In numerical computation, it is often needed to scale numbers to be in safe range.

For example, computing Euclidean distance: `sqrt(a^2+b^2)`. Here, if magnitude of `a` or `b` is too small/large, then underflow/overflow can happen.

A common approach to solve this is to divide numbers by the largest magnitude number. However, this solution is:

• slow (division is slow)
• causes a little extra inaccuracy

So I thought that instead of dividing by the largest magnitude number, let's multiply it with a close power-of-2 reciprocal number. This seems a better solution, as:

• multiplication is much faster than division
• better accuracy, as multiplying with a power-of-2 number is exact

So, I'd like to create a small utility function, which has a logic like this (by `^`, I mean exponentiation):

``void getScaler(double value, double &scaler, double &scalerReciprocal) {     int e = <exponent of value>;     if (e<-1022) { scaler=2^-1022; scalerReciprocal = 2^1022; }     } else if (e>1022) { scaler=2^1022; scalerReciprocal = 2^-1022; }     } else { scaler=2^e; scalerReciprocal = 2^(2046-e); } } ``

This function should return a normalized `scaler` & `scalerReciprocal`, both are power-of-2 numbers, where `scaler` is near to `value`, and `scalerReciprocal` is the reciprocal of `scaler`.

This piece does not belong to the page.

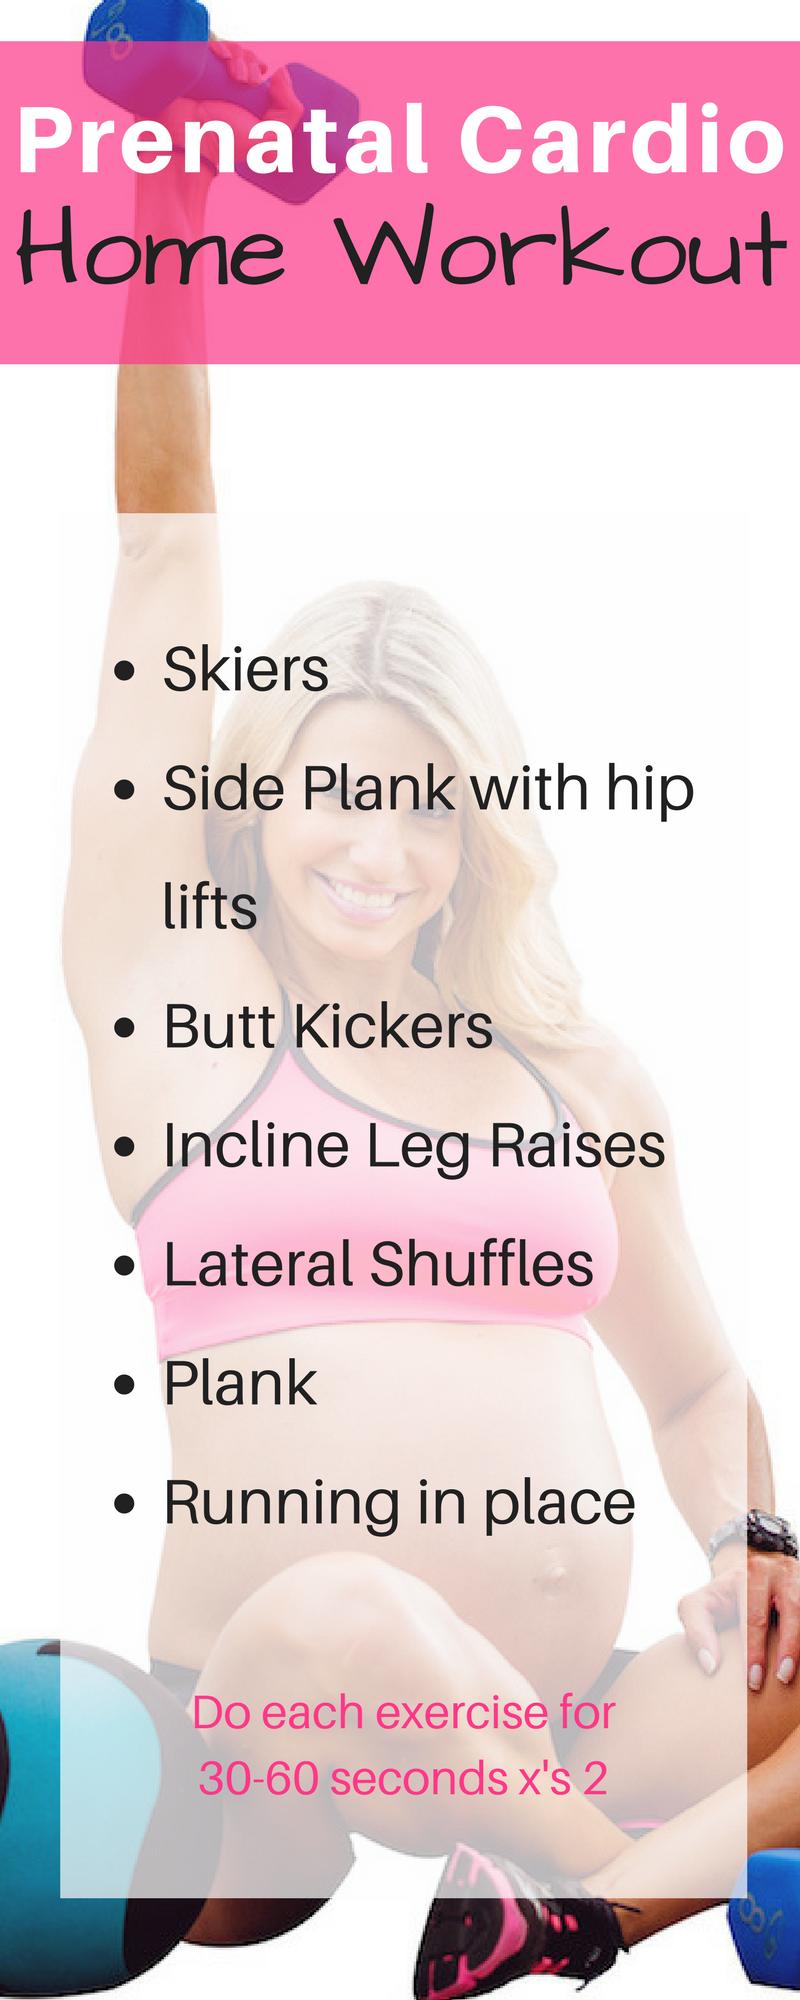 prenatal cardio home workout 1

The maximum allowed exponents for `scaler`/`scaleReciprocal` are `-1022..1022` (I don't want to work with subnormal `scaler`, as subnormal numbers can be slow).

What would be a fast way to do this? Can this be done with pure floating-point operations? Or should I extract the exponent from `value`, and use simple `if`s to do the logic? Is there some kind of trick to do the comparison with (-)1022 fast (as the range is symmetric)?

Note: `scaler` doesn't need to be the closest possible power-of-2. If some logic needs it, `scaler` can be some small power-of-2 away from the closest value.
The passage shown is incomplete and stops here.